[DATA BLOCK]
----

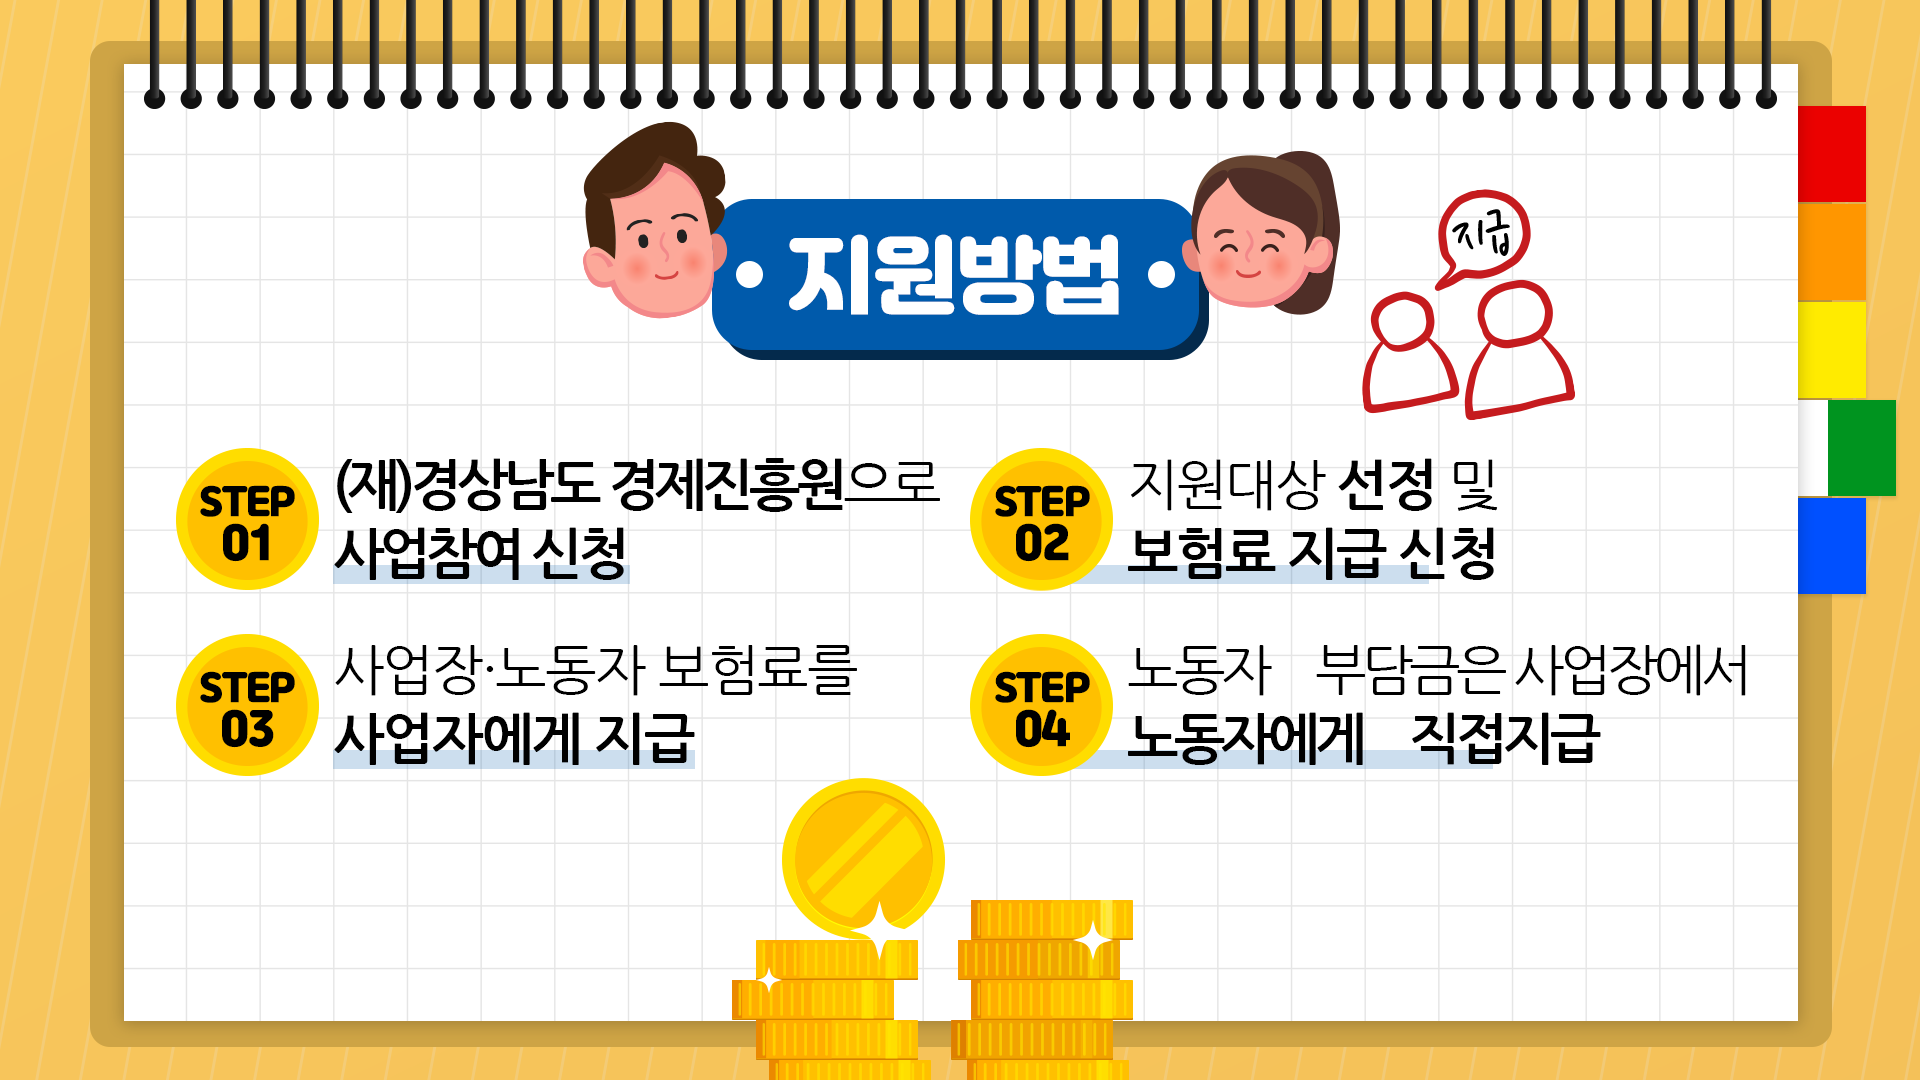 고용보험-미가입-사업장-4대보험료-지원사업_5_최종.png
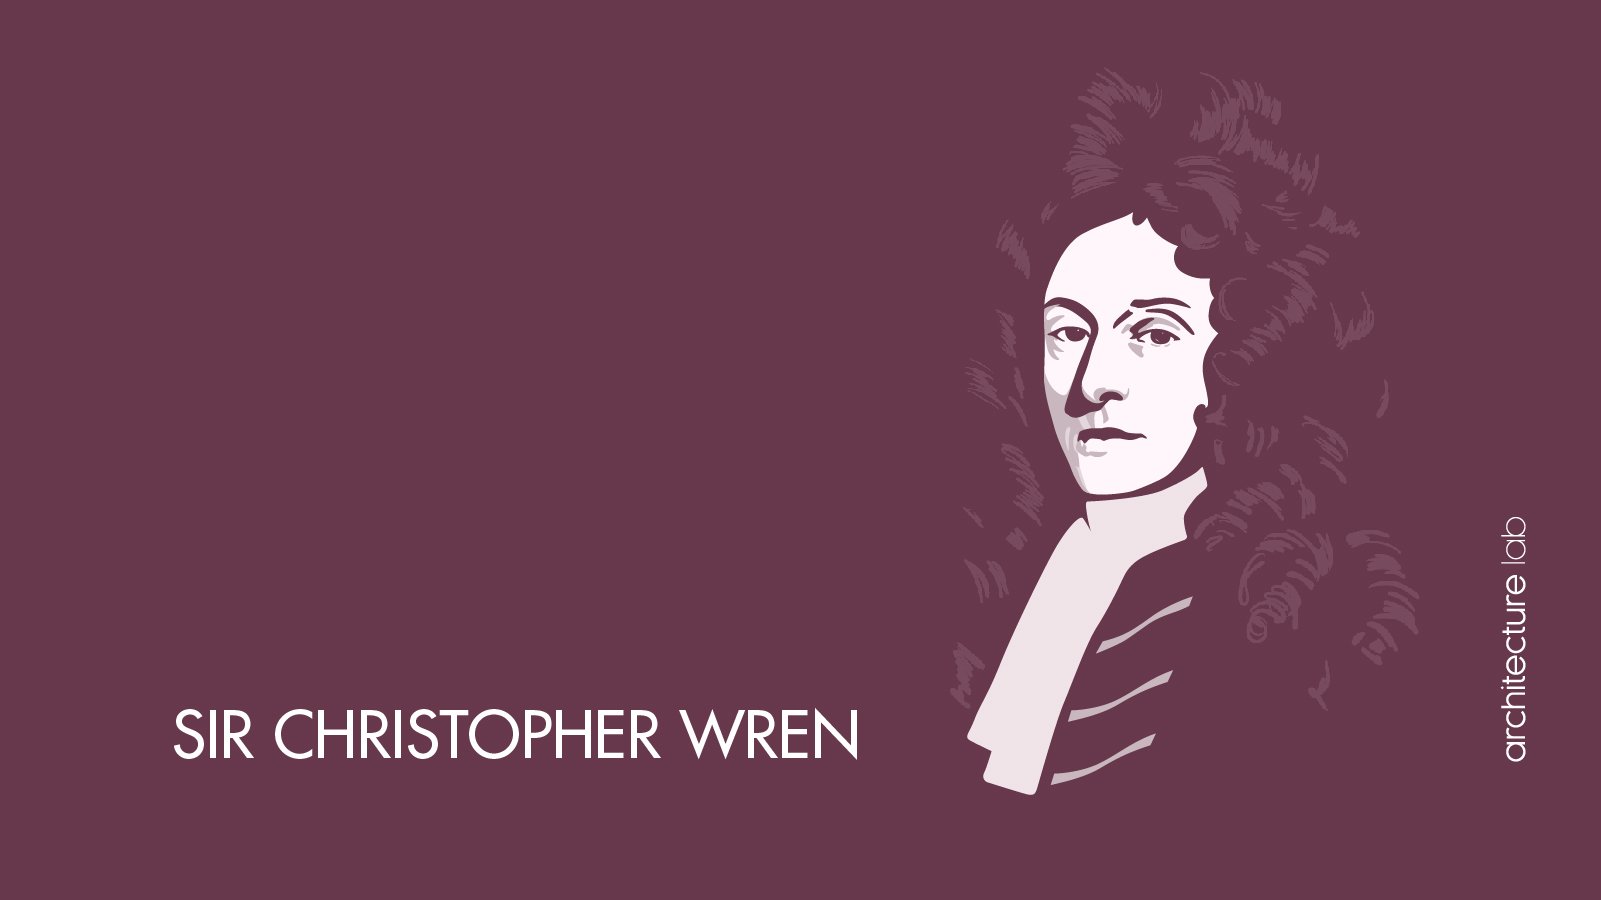 1. Sir christopher wren
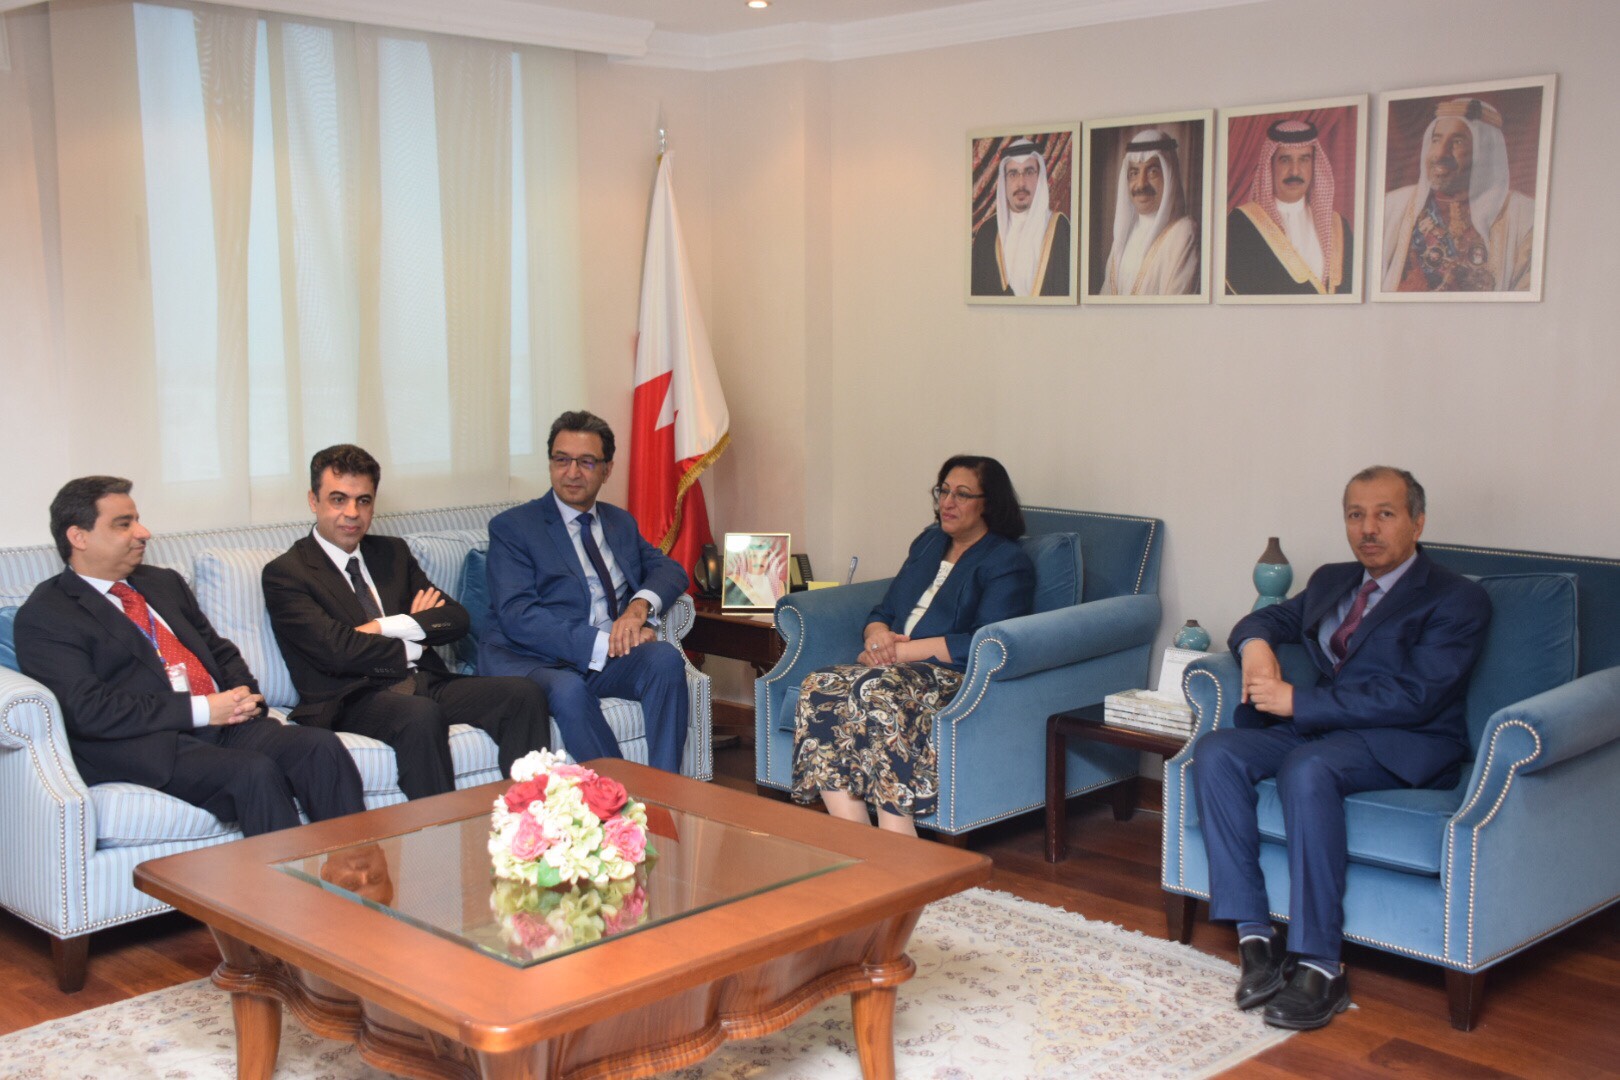 سعادة وزيرة الصحة تجتمع مع الأطباء الزائرين والفرق الطبية البحرينية وتشيد بنجاح البرنامج في علاج العديد من الحالات الدقيقة بالمملكة

----

[PROBLEM TO WORK ON] What is needed is a word-for-word copy of the data above, free of any images.

[RESULT]
 고용보험-미가입-사업장-4대보험료-지원사업_5_최종.png
 1. Sir christopher wren
 سعادة وزيرة الصحة تجتمع مع الأطباء الزائرين والفرق الطبية البحرينية وتشيد بنجاح البرنامج في علاج العديد من الحالات الدقيقة بالمملكة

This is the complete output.